Anyway, I reach the fifteenth floor and turn around and go back down to our flat on the eighth. I sometimes do that twice a day. It makes a break from the translating work I do, which is very slow. My German isn’t great, to be honest, and because they’re technical manuals I often have to look up words that I wouldn’t know even if I was fluent. Last year I calculated that I earn less in an average week than Alli does on a good day, and she said, ‘You know what? After my maternity leave I’ll go back to work full-time and you can be a house husband.’
‘What we call in the tower a flat husband,’ I said.
‘An apartment husband,’ Alli said, chuckling.
‘A condominium husband,’ I said. ‘A husband who didn’t use a condom and is now a full-time father.’
Alli gave me a kiss and I understood that she’d said that, about me looking after our future child, or children, to make me feel better about earning so little.

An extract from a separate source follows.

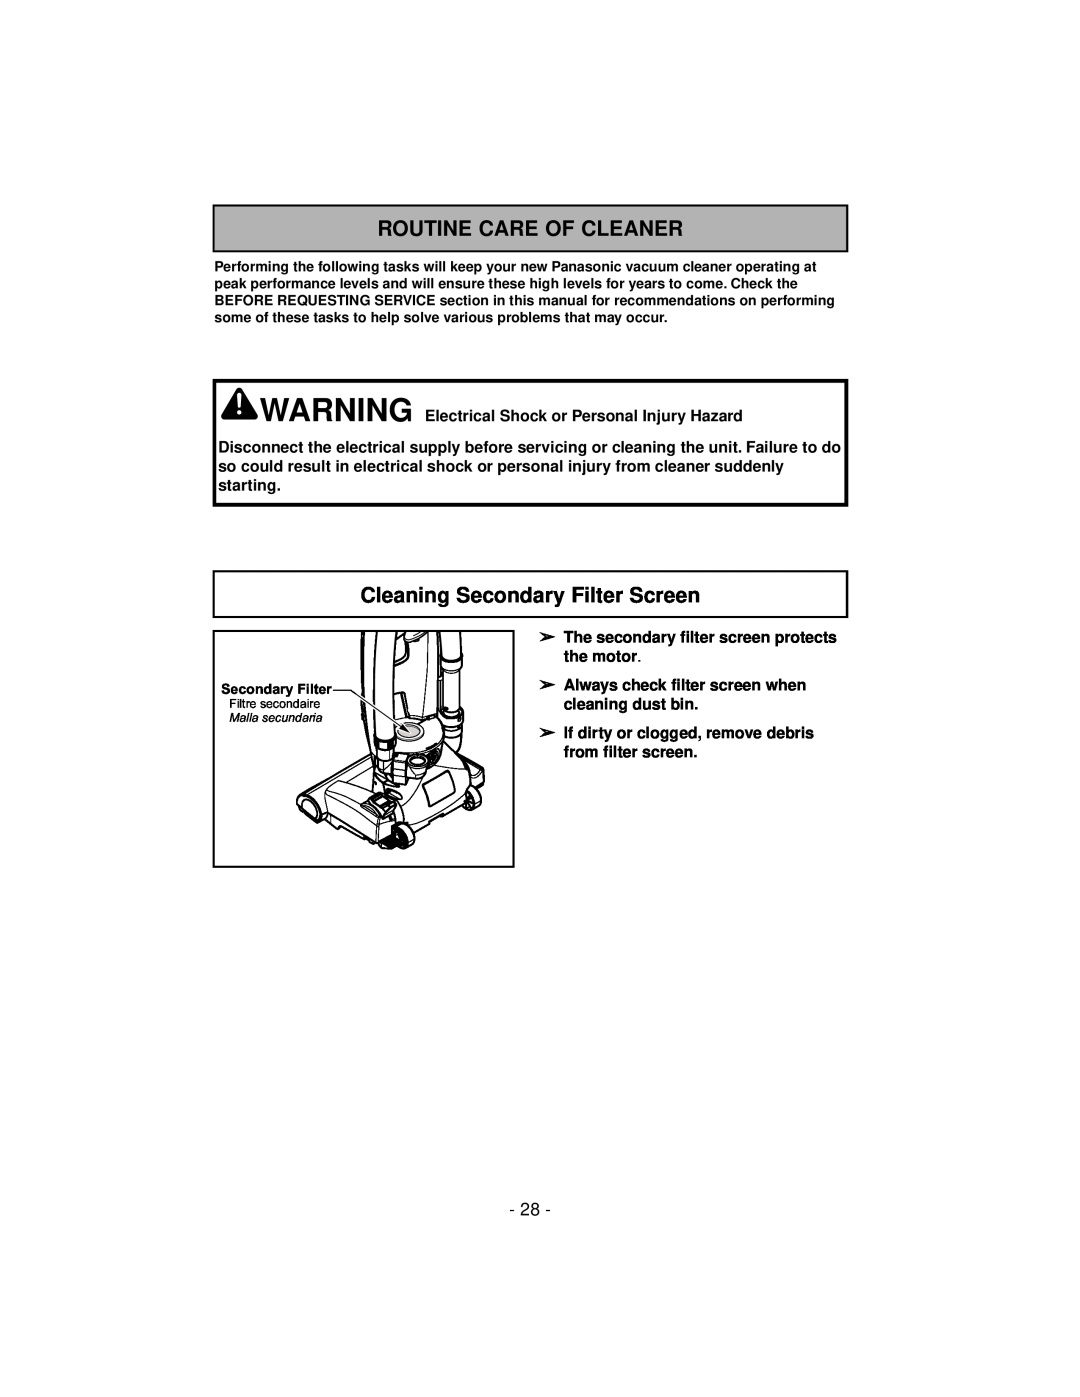 Panasonic MC-V7600 operating instructions Routine Care Of Cleaner, Cleaning Secondary Filter Screen

As I was saying, I walk up and down the stairs, like the doctor advised. It’s efficient exercise – once I’ve done a complete loop I’m huffing and puffing, I can tell you – but it’s also nice to see a neighbour or two, to say hello, to wish them a good day.
I have another habit that I enact for my own amusement but also, I hope, one that the recipients might enjoy: once I know where someone’s from, when we meet on the stairs I say hello to them in their own language. ‘Marhaban,’ I say to Mariem and her husband. I address Tarek formally, ‘As-salaam Alaikum,’ he’s such a serious man. And to Mido I say, ‘Keef halak?’ ‘Good, good,’ he says, hurrying along.
Occasionally, if I’m feeling frivolous – and if I think the other person might not take it the wrong way – I’ll say hello in an entirely inappropriate language. ‘Buongiorno!’ I’ll say, but I do it dramatically, theatrically, so the other person knows (I hope) that I’m doing so on purpose, I’m being playful, and you’d be surprised how often they’ll respond in kind – ‘Ciao!’ – and we smile at each other as we pass.